# Experiment on identifiability of SuSiE

This notebook is meant to address to a concern from a referee.

It says the following:

> Suppose
we have another predictor $x_5$, which is both correlated with $(x_1,
x_2)$ and $(x_3, x_4)$. Say $\mathrm{cor}(x_1, x_5) = 0.9$,
$\mathrm{cor}(x_2, x_5) = 0.7$, and $\mathrm{cor}(x_5, x_3)
= \mathrm{cor}(x_5, x_4) = 0.8$. Does the current method assign $x_5$
to the $(x_1, x_2)$ group or the $(x_3, x_4)$ group?

First we simulate an $X$ matrix of 500 samples and 5 variables with properties as outlined above,

In [1]:
h = 1
l = 0.5
cormat = rbind(c(1.0, h,   l,   l,   0.9),
               c(h,   1.0, l,   l,   0.7),
               c(l,   l,   1.0, h,   0.8),
               c(l,   l,   h,   1.0, 0.8),
               c(0.9, 0.7, 0.8, 0.8, 1.0))

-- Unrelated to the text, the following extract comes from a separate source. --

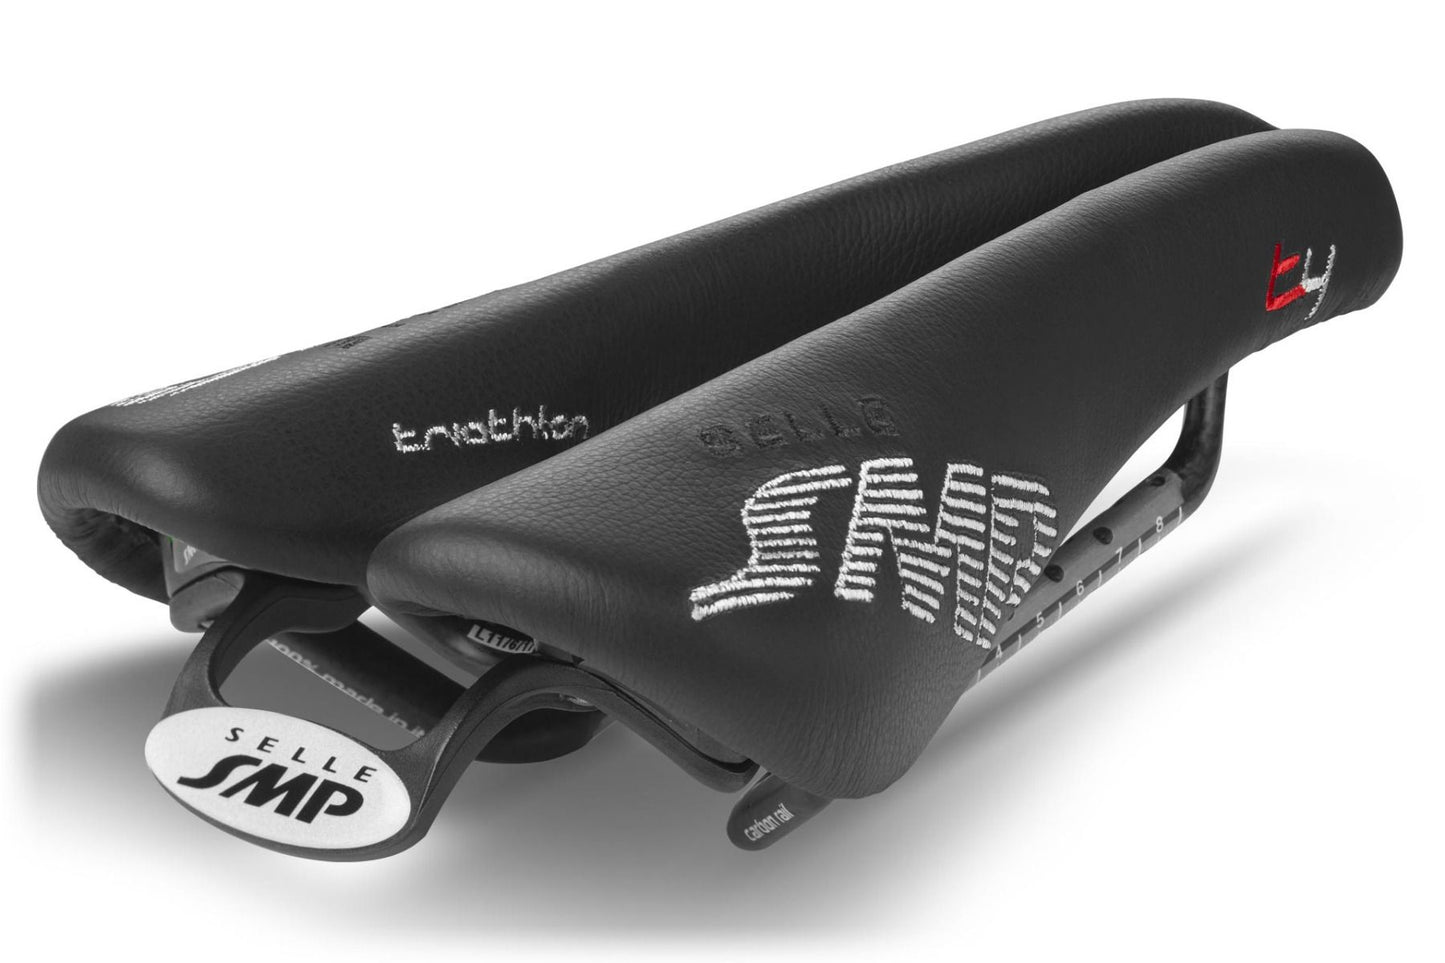 Selle SMP T4 Triathlon Saddle with Carbon Rails (Black)

where we additionally assume high correlation between $x_1$ and $x_2$, and $x_3$ and $x_4$. We further assume that $(x_1, x_2)$ and $(x_3, x_4)$ are correlated with correlation 0.5.

In [2]:
covmat = Matrix::nearPD(cormat)$mat

In [3]:
covmat

5 x 5 Matrix of class "dpoMatrix"
          [,1]      [,2]      [,3]      [,4]      [,5]
[1,] 1.0415955 0.9727553 0.5071754 0.5071754 0.8723721
[2,] 0.9727553 1.0178450 0.4953001 0.4953001 0.7180960
[3,] 0.5071754 0.4953001 1.0012378 1.0012378 0.7952340
[4,] 0.5071754 0.4953001 1.0012378 1.0012378 0.7952340
[5,] 0.8723721 0.7180960 0.7952340 0.7952340 1.0183505

We now simulate $X$ and access the empirical correlation of columns of $X$,

In [4]:
n = 500
set.seed(1)
X = MASS::mvrnorm(n=n, rep(0,nrow(covmat)), covmat)

In [5]:
cor(X)

0,1,2,3,4
1.0,0.9476961,0.473013,0.4730053,0.8339206
0.9476961,1.0,0.4448778,0.4448681,0.6857495
0.473013,0.4448778,1.0,1.0,0.7892324
0.4730053,0.4448681,1.0,1.0,0.7892302
0.8339206,0.6857495,0.7892324,0.7892302,1.0


It roughly agrees with our simulation settings.

Now let's expand `X` matrix to having 1000 variables,

In [6]:
p = 1000
X = cbind(X, matrix(rnorm(n * (p - ncol(X))), nrow=n, ncol=(p - ncol(X))))

## Experiment 1

First we assume $x_2$, $x_3$ and $x_5$ are effect variables we simulate response `y`,

In [7]:
b = rep(0,p)
b[c(2,3,5)] = 1
y = X %*% b + rnorm(n)

And we analyze with SuSiE,

In [8]:
res <- susieR::susie(X,y,L=10,max_iter=1000)

In [9]:
res$sets

Unnamed: 0_level_0,min.abs.corr,mean.abs.corr,median.abs.corr
Unnamed: 0_level_1,<dbl>,<dbl>,<dbl>
L1,1,1,1
L2,1,1,1


In [10]:
res$pip[c(1,2,3,4,5)]

In this analysis 3 95% credible sets are identified. The first two CS contain effect variables $x_2$ and $x_5$ respectively and no other variables, even though $x_1$ is highly correlated with $x_2$ (correlation 0.948) its posterior inclusion probability is nearly zero (1E-13). The last CS contains two variables $x_3$ and $x_4$ each with 0.5 posterior inclusion probability because they are perfectly correlated.

## Experiment 2

Here we assume $x_2$ and $x_3$ are effect variable, but not $x_5$,

In [10]:
b = rep(0,p)
b[c(2,3)] = 1
y = X %*% b + rnorm(n)

And we analyze with SuSiE,

In [11]:
res <- susieR::susie(X,y,L=10,max_iter=1000)
res$sets

Unnamed: 0_level_0,min.abs.corr,mean.abs.corr,median.abs.corr
Unnamed: 0_level_1,<dbl>,<dbl>,<dbl>
L2,1,1,1
L1,1,1,1


In [12]:
res$pip[c(1,2,3,4,5)]

As expected, $x_5$ was dropped out with posterior inclusion probability zero.